Extracted records
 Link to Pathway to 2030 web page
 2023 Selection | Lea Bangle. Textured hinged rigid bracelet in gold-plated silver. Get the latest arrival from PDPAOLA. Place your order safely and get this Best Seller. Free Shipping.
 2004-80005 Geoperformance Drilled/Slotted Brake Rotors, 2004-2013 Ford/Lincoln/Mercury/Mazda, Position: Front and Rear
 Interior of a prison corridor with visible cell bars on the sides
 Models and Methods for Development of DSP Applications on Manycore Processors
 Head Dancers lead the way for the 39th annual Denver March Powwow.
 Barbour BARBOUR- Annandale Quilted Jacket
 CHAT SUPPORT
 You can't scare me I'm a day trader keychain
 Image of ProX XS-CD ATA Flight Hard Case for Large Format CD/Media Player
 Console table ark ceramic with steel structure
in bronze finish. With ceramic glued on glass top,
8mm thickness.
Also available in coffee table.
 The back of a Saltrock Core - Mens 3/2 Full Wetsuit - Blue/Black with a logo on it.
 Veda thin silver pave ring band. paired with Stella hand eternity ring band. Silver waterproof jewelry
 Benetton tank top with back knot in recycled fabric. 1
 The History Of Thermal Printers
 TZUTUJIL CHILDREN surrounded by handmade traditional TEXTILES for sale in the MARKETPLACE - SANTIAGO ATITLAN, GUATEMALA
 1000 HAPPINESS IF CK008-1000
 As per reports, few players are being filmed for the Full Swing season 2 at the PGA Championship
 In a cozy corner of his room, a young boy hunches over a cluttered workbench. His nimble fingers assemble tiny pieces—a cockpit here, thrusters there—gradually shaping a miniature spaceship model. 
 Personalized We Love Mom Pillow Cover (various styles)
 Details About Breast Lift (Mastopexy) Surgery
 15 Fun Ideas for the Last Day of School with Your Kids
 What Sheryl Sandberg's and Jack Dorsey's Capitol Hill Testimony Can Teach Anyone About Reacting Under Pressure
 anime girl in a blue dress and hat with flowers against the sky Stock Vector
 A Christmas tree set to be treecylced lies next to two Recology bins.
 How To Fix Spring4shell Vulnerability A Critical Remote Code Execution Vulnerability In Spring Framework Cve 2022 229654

• **Your assignment**: How many lines in the entries contain the string "back"? Give the number only.

• **Answer section**: 2